• MATERIALS PROVIDED:
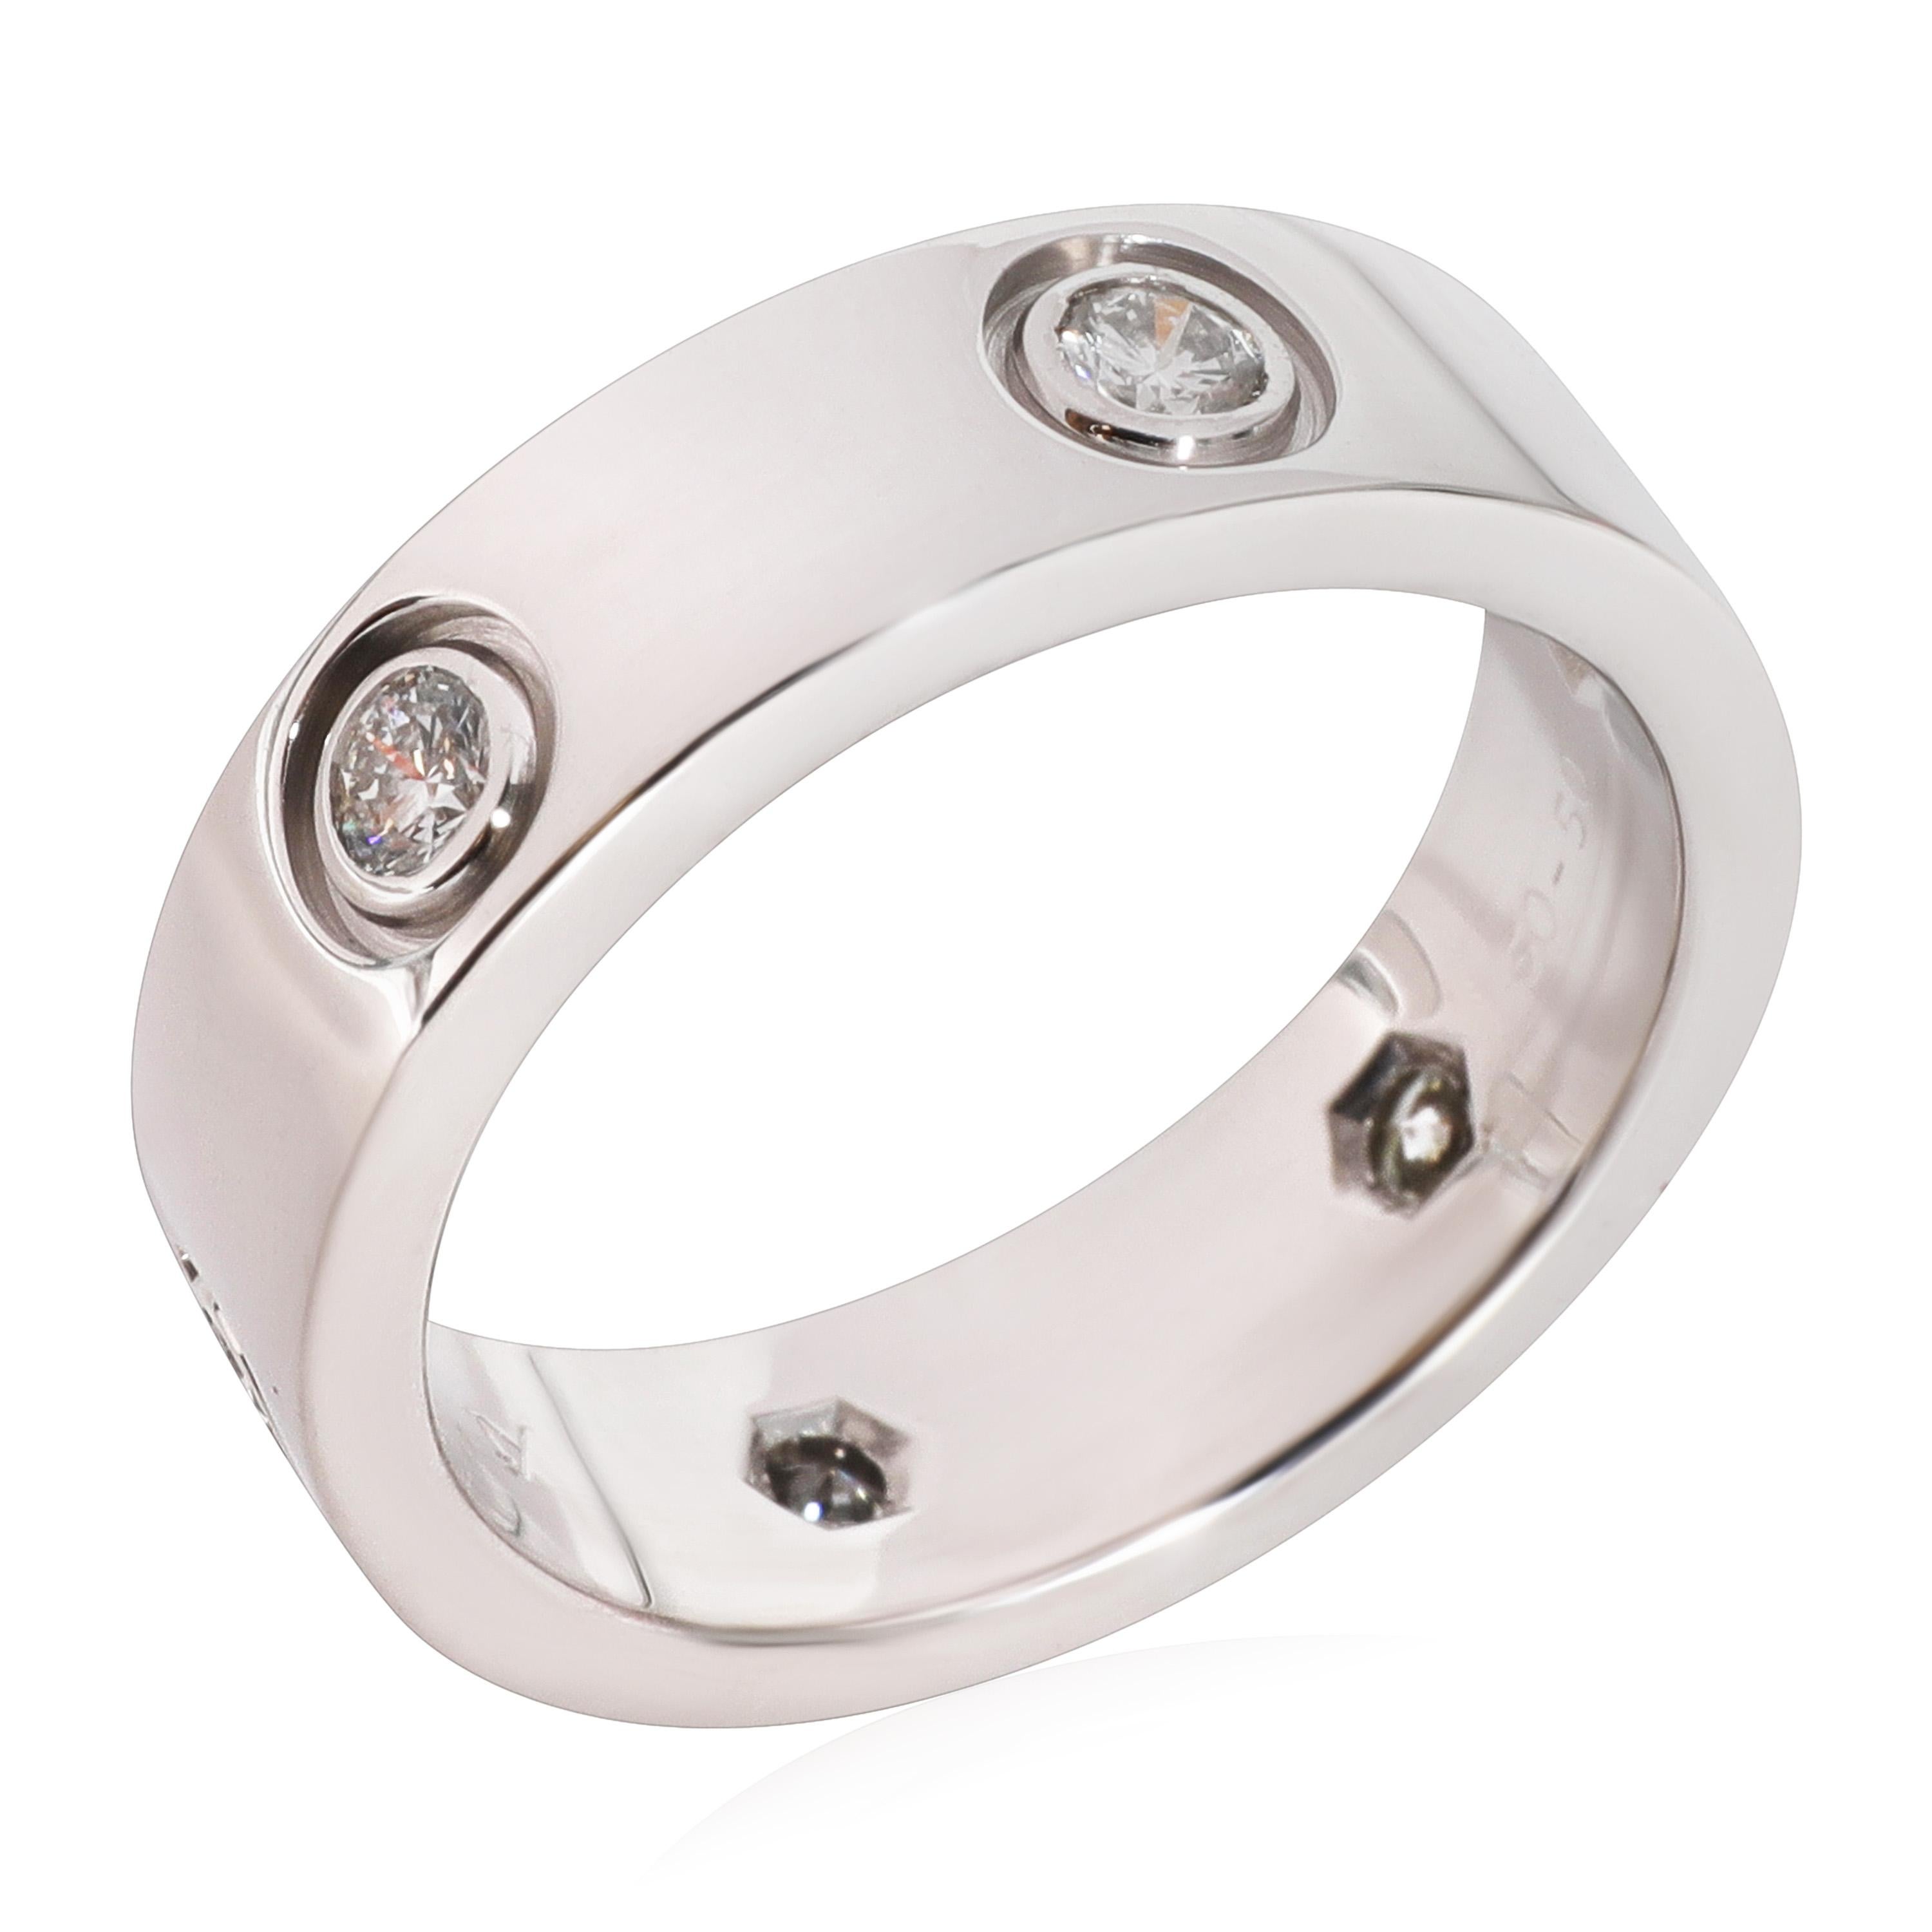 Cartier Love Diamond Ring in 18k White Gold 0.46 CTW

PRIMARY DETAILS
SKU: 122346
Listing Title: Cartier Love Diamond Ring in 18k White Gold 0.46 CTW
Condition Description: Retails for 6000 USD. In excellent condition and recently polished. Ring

• WORK TASK: Only this range is to be output: the line that contains "PRIMARY DETAILS" through the last line of the records above, both inclusive.

• ANSWER:
PRIMARY DETAILS
SKU: 122346
Listing Title: Cartier Love Diamond Ring in 18k White Gold 0.46 CTW
Condition Description: Retails for 6000 USD. In excellent condition and recently polished. Ring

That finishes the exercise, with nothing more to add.